Задумаешься тут, заскучаешь, не постигая, что это за модняцкие поветрия – на скоростях бегать туда, куда даже царь пешком ходит? В мужской школе подобного безобразия отродясь не было.
Мы – я, Ленька, его старший брат Гриша, да и все мальчишки с нашего двора – были приучены грамотно пользоваться хитрой кабинкой еще на заре своего существования, когда наши мамы, подставляя горшок перед уходом на работу, поторапливали нас: «Будем уже писать, или корчить рожицы?».
Повзрослев, мы самостоятельно ходили «по малой или большой нужде», как советуют изъясняться вслух родители, чтобы приучить детей выражаться красиво в присутствии посторонних людей о потребностях организма.
И вдруг – вот так фокус! – на переменке выясняется: существует не только «малая», не только «большая», но и «особая нужда» – девичья.
Что тут поделаешь, в третьем классе, под воздействием «прекрасного пола» начался для нас «век просвещения». Наши неописанные красавицы, оказываются, побежали в туалет не за тем, о чем мы думали, а «по особой нужде», чтобы прихорашиваться.
Откуда я это узнал?
От Гриши.
Он спустился по лестнице с высот «своего» седьмого класса и тоже застрял у женского туалета, куда затесалась подружка дней его нынешних Люся.
– Чего это они все скопом? Испугались? – терялись в догадках гаврики из младших классов – малообразованные оглоеды мужской школы.
Гриша толково пояснил:
– Впервые эти девчонки увидели пацанов в таком умопомрачительном количестве. И – чего тут не ясного? – каждой захотелось причепуриться, чтобы «сильный пол» попадал на пол и прямо в обморок, когда они выйдут из уборной.

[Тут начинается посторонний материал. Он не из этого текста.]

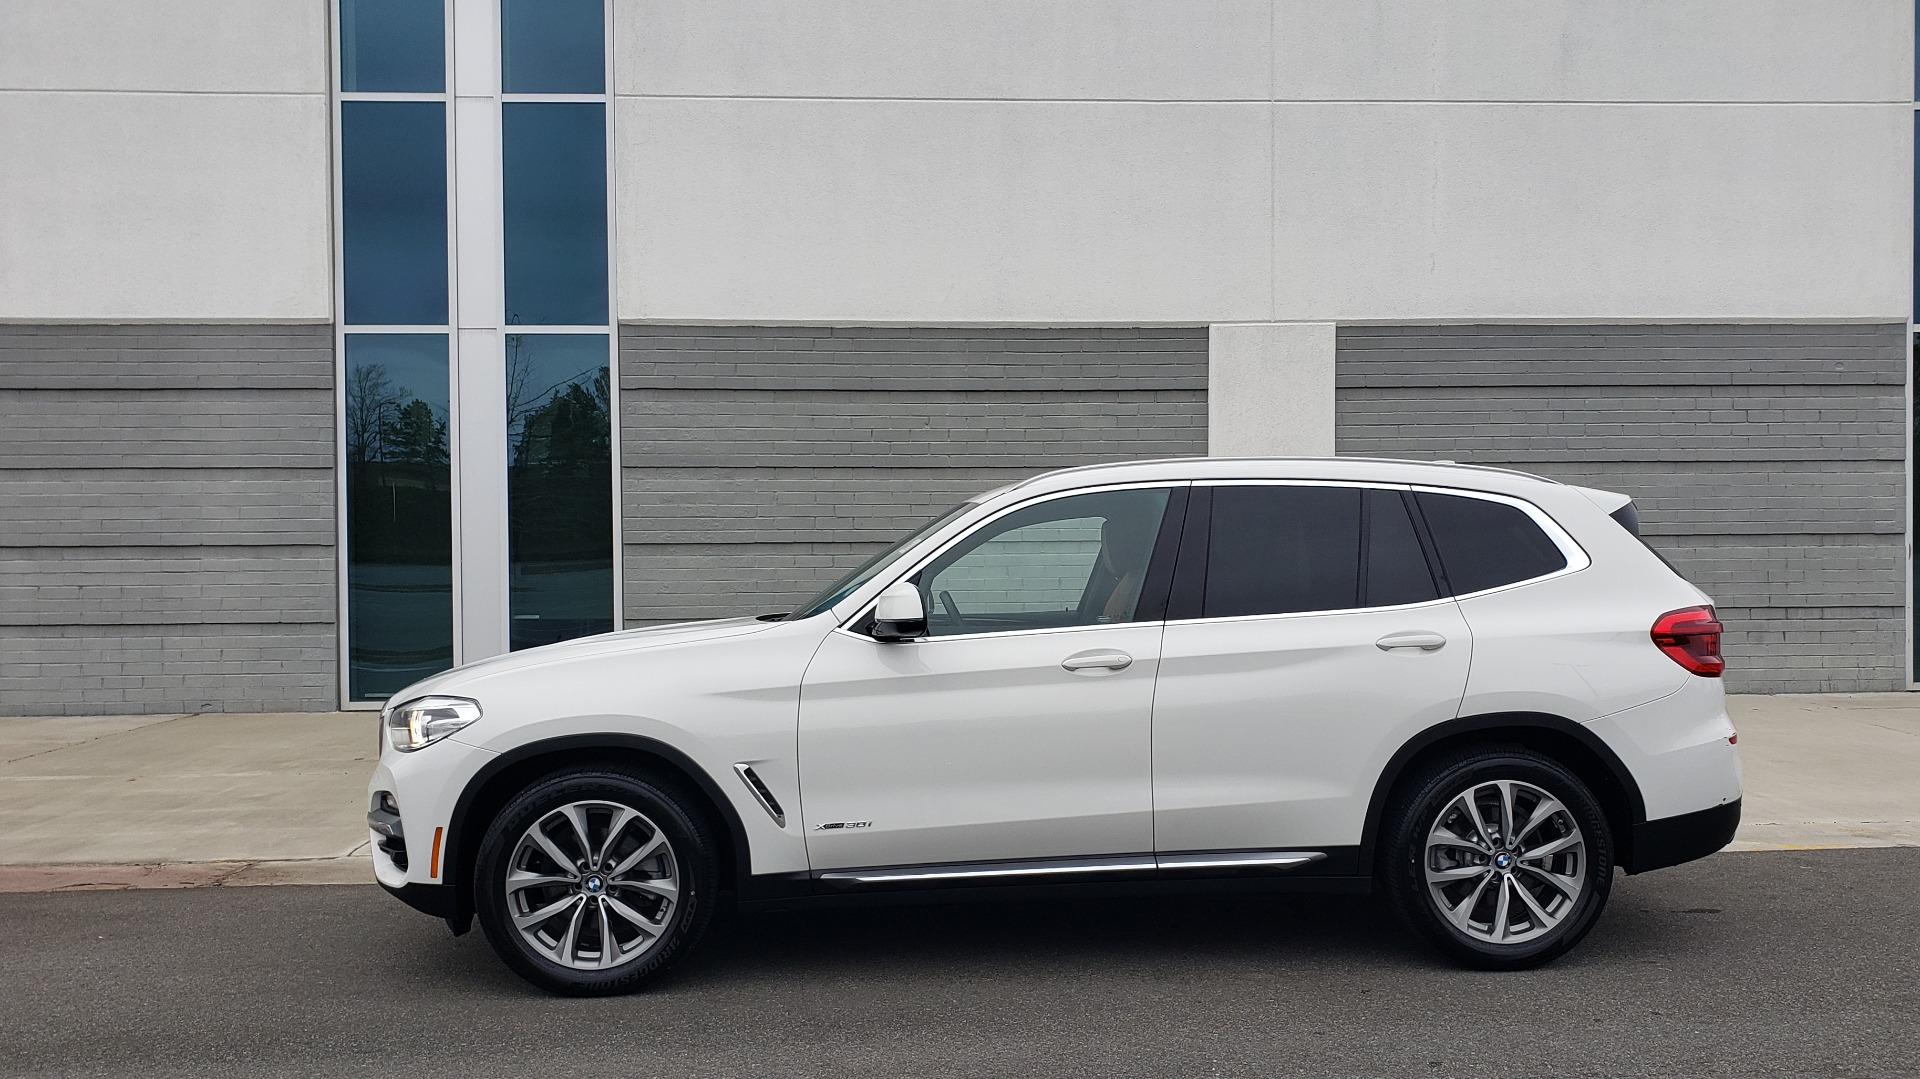 Used 2018 BMW X3 XDRIVE30I / LUX PKG / PREM PKG / CONV PKG / PDC / APPLE CARPLAY for sale Sold at Formula Imports in Charlotte NC 28227 4

Падать в обморок я не собирался ни за какие бабки, даже если очень хотел попасть в кинчик на фильм о пиратах.
Стоять подле женского туалета, как нищий в надежде на подаяние, тоже желания мало – не зал ожидания на вокзале.
В результате Инне не пришлось выслушать признание пылкого Ромэо из Старой Риги о том, что она спасительница его жизни.
Конечно, я мог ей это сказать и после второго урока. Но в начале второго урока на меня, повернув милое личико, посмотрела ее соседка Ира.
И я никому ничего не сказал, лишь сегодня разглашаю тайну своего разбитого сердца.
Первый взгляд…
Первая любовь…
Долгие воспоминания…
А куда приводят воспоминания? Опять-таки в третий класс, на предпоследнюю парту в первом ряду. Под воздействием влюбленности я и не заметил, что сзади меня, впритирку к стене, сидит Левка – такой же неосторожно влюбленный человек, переведенный в женский цветник из мужского крапивника.
Оказывается, и он перехватил взгляд Иры, посланный, по моим соображениям, лично мне. А еще раньше и взгляд Инны.
Вот гад, какой внимательный, лучше бы на доску смотрел!
На следующей переменке нам предстояло выяснять отношения, чтобы убедиться, кто сильнее влюблен. На кулаках вышла боевая ничья. Без кулаков требовался кто-то на третьего для разрядки обстановки и поиска путей к примирению.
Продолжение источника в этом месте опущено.